РИА Новости
— Александр Моисеевич, вы едва ли не единственный писатель-фронтовик, для кого тема войны не стала главной.
— У меня нет ностальгии по войне.
— Она же ностальгия по молодости...
— И по молодости. Моя молодость протекала довольно угрюмо. Я ни разу не видел в глаза своей матери. Она умерла в Минске. Ни разу не видел отца. Он женился на женщине, которая поставила условие: без ребенка. Я жил у дальней довольно богатой родни на правах бедного родственника. В школе мне собирали как неимущему на ботинки. Когда ходили смотреть “Чапаева”, за меня скидывались по десять копеек. Я постоянно страдал от унижения. И мечтал почему-то о деревне, заваленной снегами, где небо ниже над землей, чем в городах... Кончил полугодичные учительские курсы, 18 рублей хватило до Уваровки, недалеко от Москвы. Там меня взяли учителем — сразу после десятого класса. В первый же день напоили, и началась такая грязь... Все стучали друг на друга и требовали того же от меня. А, думаю, хрен с ним, пойду в армию — пусть там решают, что делать со мной. Это было за два года до войны, мне еще не исполнилось семнадцати. Казарма меня добила... И вот сбежал я в самоволку, на свидание. В то время как раз... ой, забыл чин... ну, начальник всей армии...
— Маршал?
— Да, маршал Тимошенко издал указ: если рядовой не подчиняется приказу офицера, тот может “воздействовать физически”. По морде. Если же боец вновь не подчиняется, офицер имеет право стрелять.
— И вы попались?
— Да, напоролся, помню, на капитана Линькова. “Боец, стоять, кругом!” Но, наверное, устаешь от долгого унижения. “Что, стрелять в меня, сука, будешь? Ну и стреляй!” И я пошел. Конечно, он не выстрелил.
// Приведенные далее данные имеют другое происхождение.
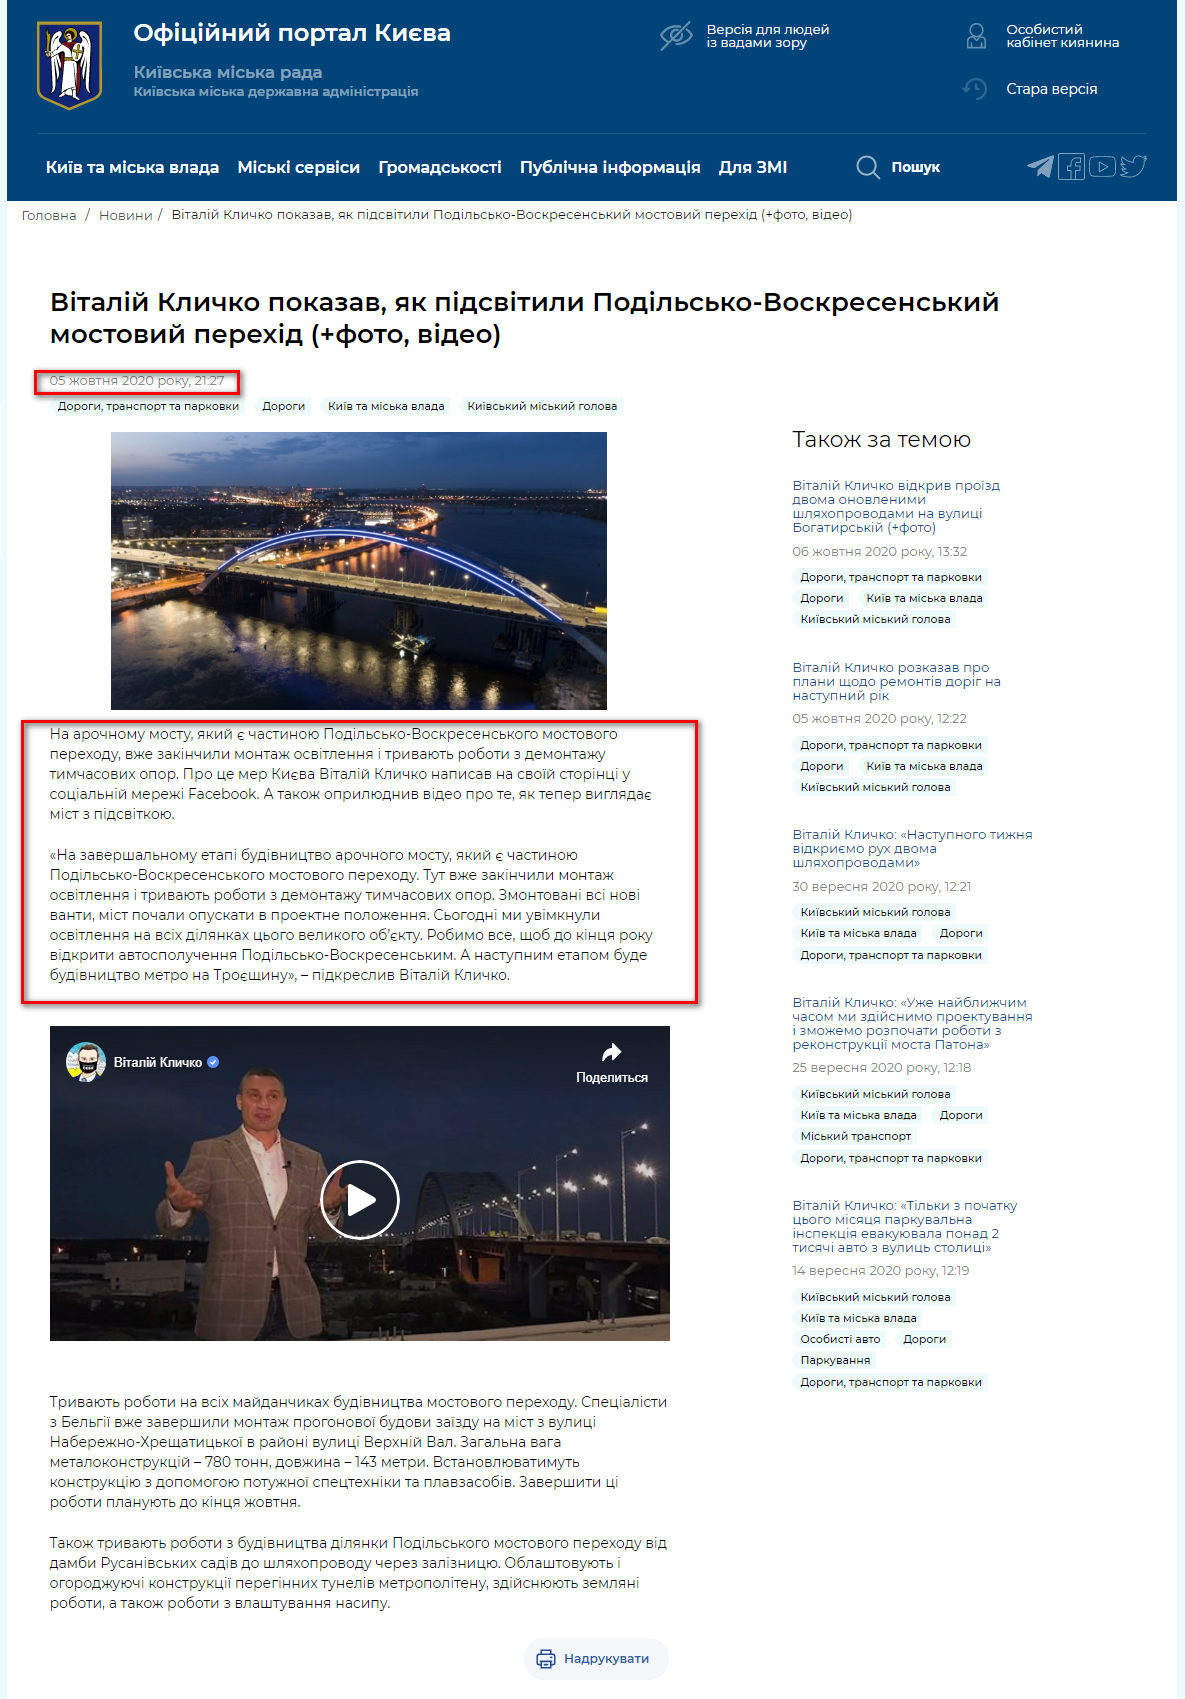 https://kyivcity.gov.ua/news/vitaliy_klichko_pokazav_yak_pidsvitili_podilsko-voskresenskiy_mostoviy_perekhid/

— А что за девушка, ради которой вы так рисковали?
— Смешная девочка... Пережидаю дни до призыва у родни. Вдруг звонит какая-то. И стала разыгрывать меня, так забавно! А потом предложила встретиться. Тут надо кое-что понять. Нечаянно я услышал, как мой троюродный брат-красавец сказал: “Интересно, Шурика сможет когда-нибудь полюбить женщина?” Я взял маленькое зеркальце, посмотрел на себя в профиль и понял: не сможет. Женщина в белом, как снежная королева, такая прекрасная, что я могу только боготворить ее издали... И вот та девушка, что звонила, представилась мне такой. И я говорю: не надо встречаться. За четыре дня до призыва! Вы, говорю, придете вся в белом, прекрасная, а я — вы не знаете, что увидите... Словом, полный идиот... Болван, точнее. А она в ответ: да не такая уж я белая и прекрасная, я как раз черненькая, маленькая. Ну мы и встретились. И вот призыв. Женщины провожают нас, бегут за грузовиками, плачут. А моя некрасивая не плачет. Кричит на бегу: “Видишь, какая у тебя будет бесчувственная жена!”
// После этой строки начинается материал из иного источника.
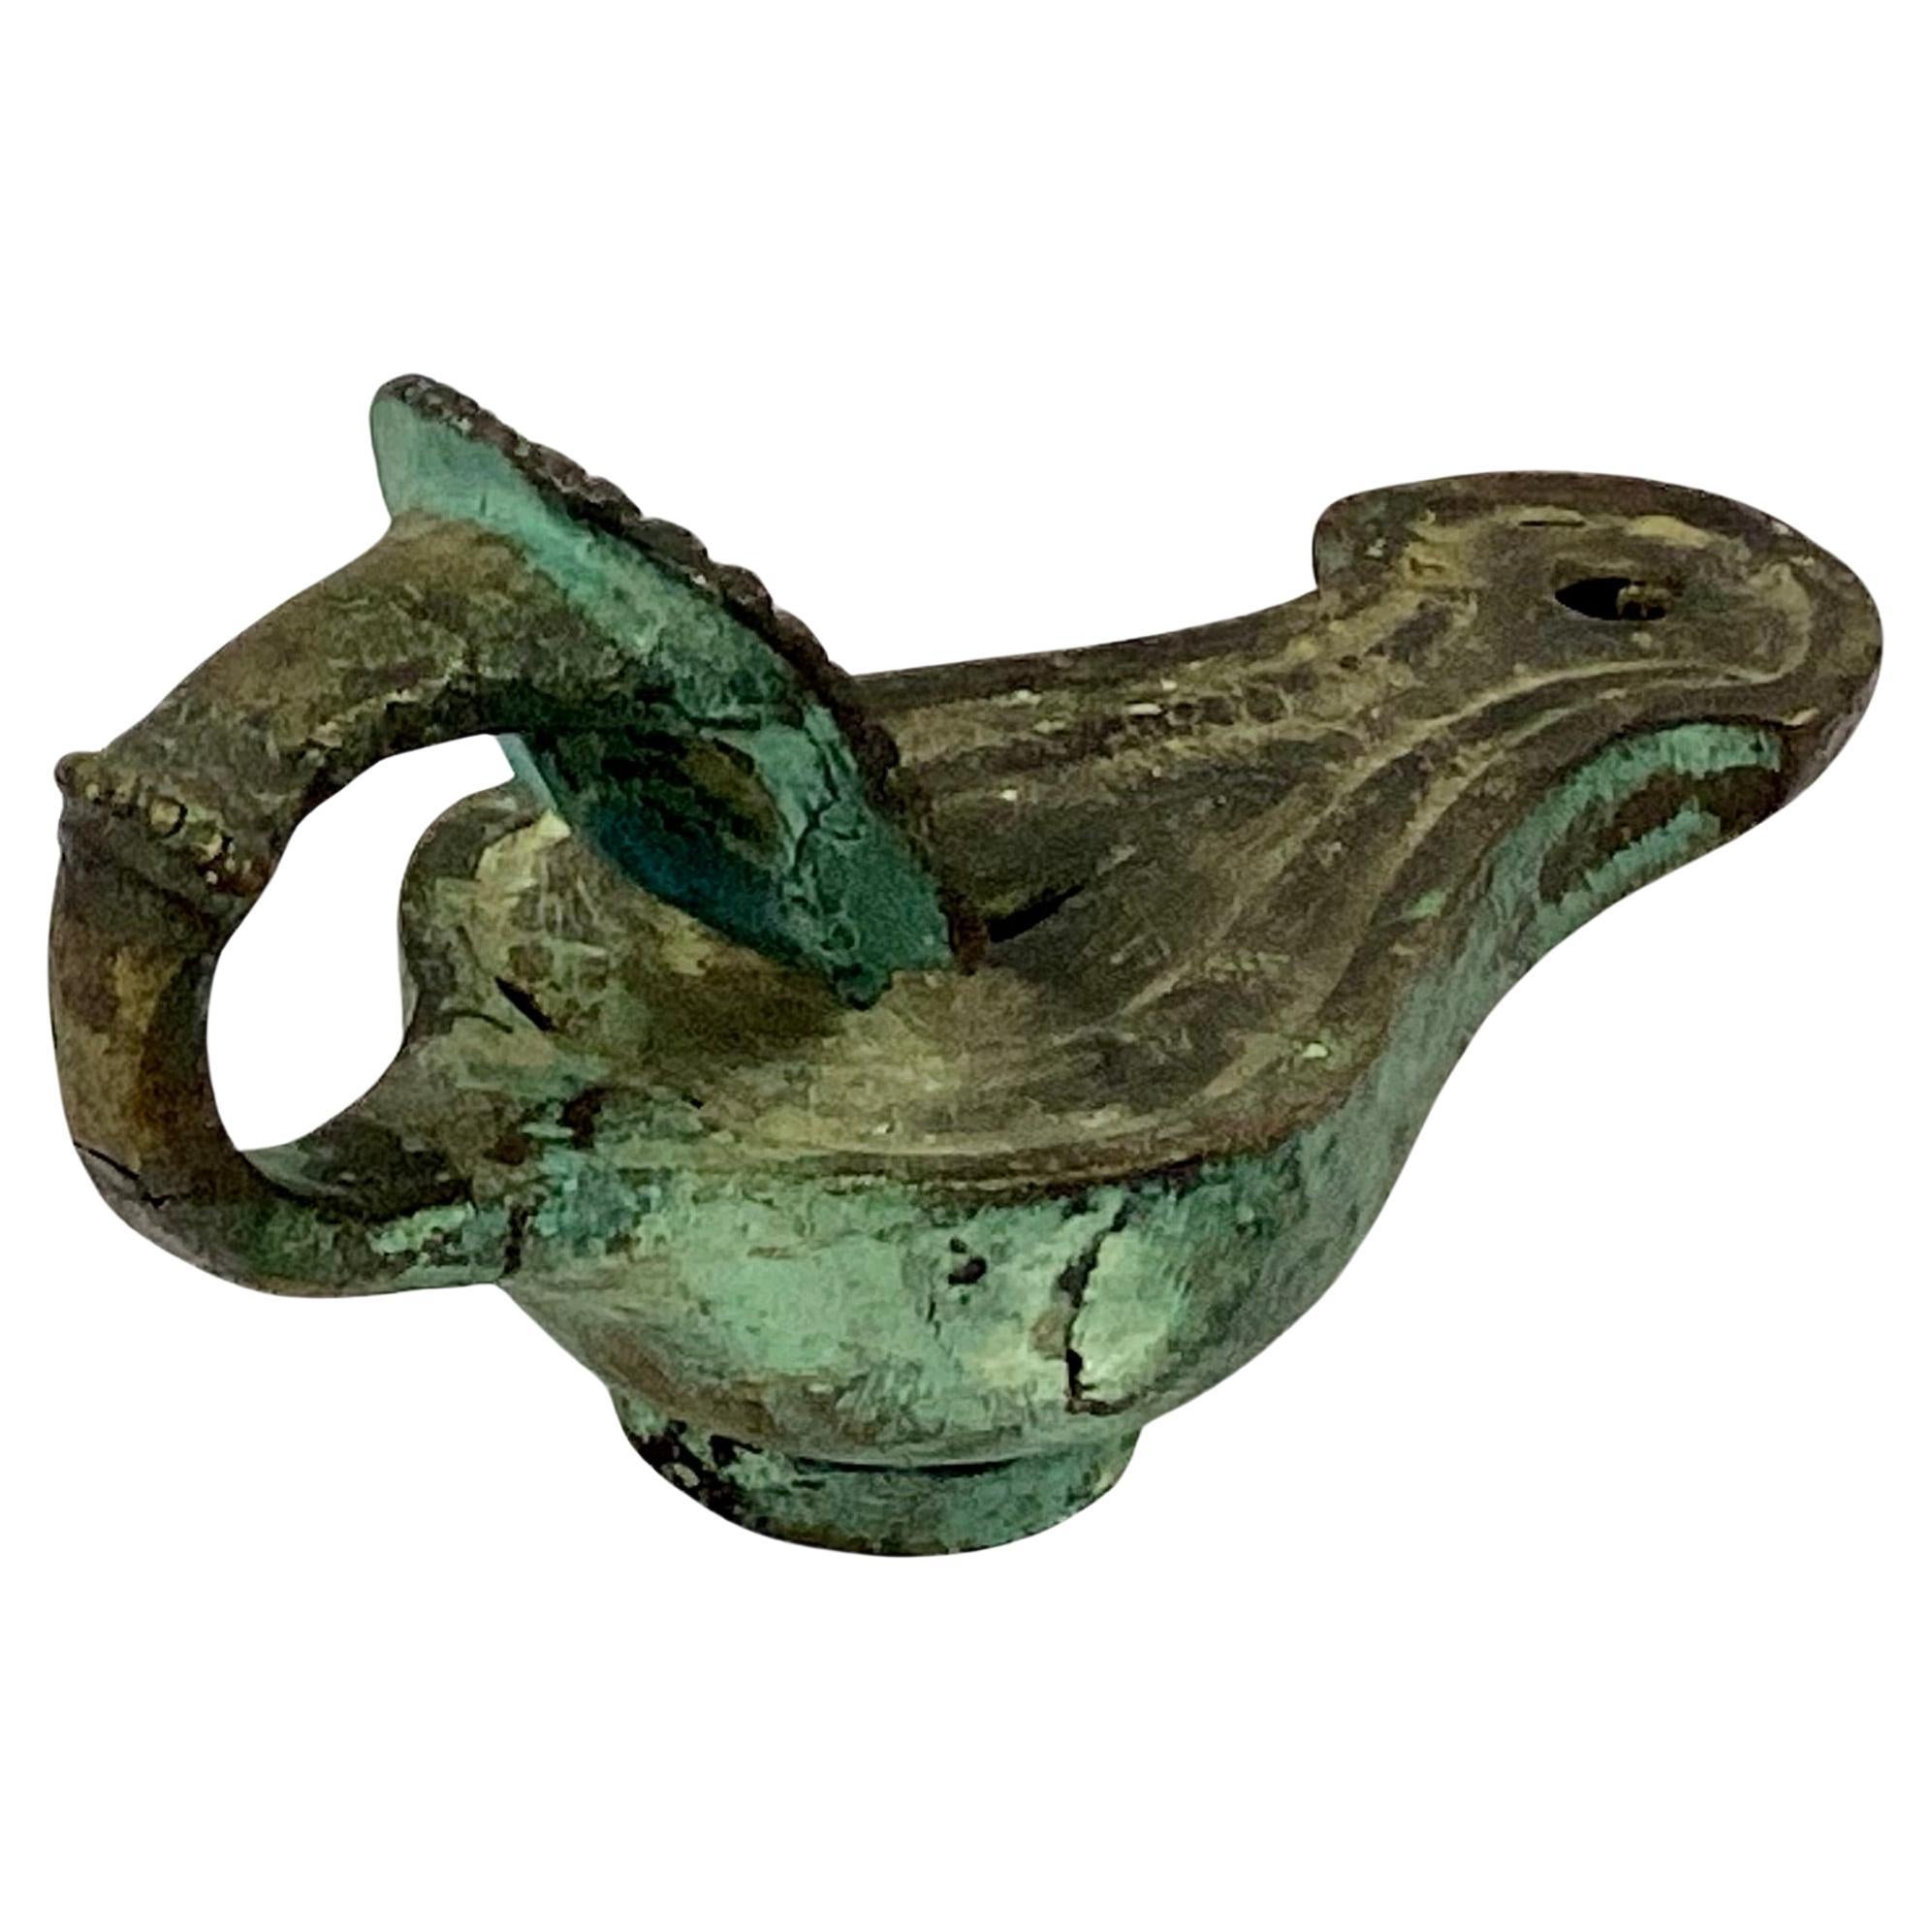 Eine seltene römische Grand-Tour-Öllampe aus Bronzeguss mit birnenförmigem Korpus, der in eine geschwungene Tülle mündet. Der Griff hat eine theatralische Maske mit ausdrucksstarken Gesichtszügen und dichtem, lockigem Haar. Öllampen wurden mit Öl

— “Пять вечеров”, я помню...
— Да... Описал. А тогда думаю себе: жена? Уже? Да пошла ты на фиг, черненькая, маленькая, почему не беленькая и не прекрасная!
— Чем же кончилась история с капитаном Линьковым?
— Да ничем особенно. Считали потом малость чокнутым. Но относились, хорошо.
— А дедовщина?
— Речи быть не могло!
— Это почему же?
— Дисциплина была железная. Немецкая. Мы ж дружили с Германией. Брали пример.
— А ведь много написано о том, что у нас, по сути, не было армии. Ни техники, ни обмундирования, ни подготовки.
— Верно, военной машины не было близко. Все заменяла страшная дисциплина. Страшная и глупая. Нас не учили стрелять, не учили ползти по болоту с полной выкладкой, а учили шагистике и послушанию. Не было салаг и дедов. Все одинаково унижены и одинаково мечтают о свободе. Потом, во время войны, рядовые стреляли в спину ненавистным офицерам... А на срочной службе мы жили ожиданием, когда же кончатся эти два года. Но за вторым годом пошел третий, четвертый, пятый...
— С каким чувством вы шли на фронт, когда поняли, что свобода не светит, а светит совершенно другое?
— Вот именно, что свобода! Это было в Полоцке. Всех нас повели в Дом Красной армии смотреть кино. А я потихоньку сбежал посмотреть на людей, честно говоря, на женщин... И вдруг ребята валят — счастливые, обнимаются и кричат с восторгом: “Ура! Война!” Начало войны означало конец службы. Свободу от казармы. Идем на запад, увидим другие страны, две-три недели — и мы, конечно, побеждаем. Но прошло не две недели. И нашего командира, который был похож на Наполеона и которого мы обожали, расстреляли. Потому что он понимал: не мы самая сильная армия в мире и свободы никакой нет...
— А вы понимали тогда?
— Наше отделение, все девять, думали как один человек. Каждый относился к казарме как к ГУЛАГу, который окружает свободная страна...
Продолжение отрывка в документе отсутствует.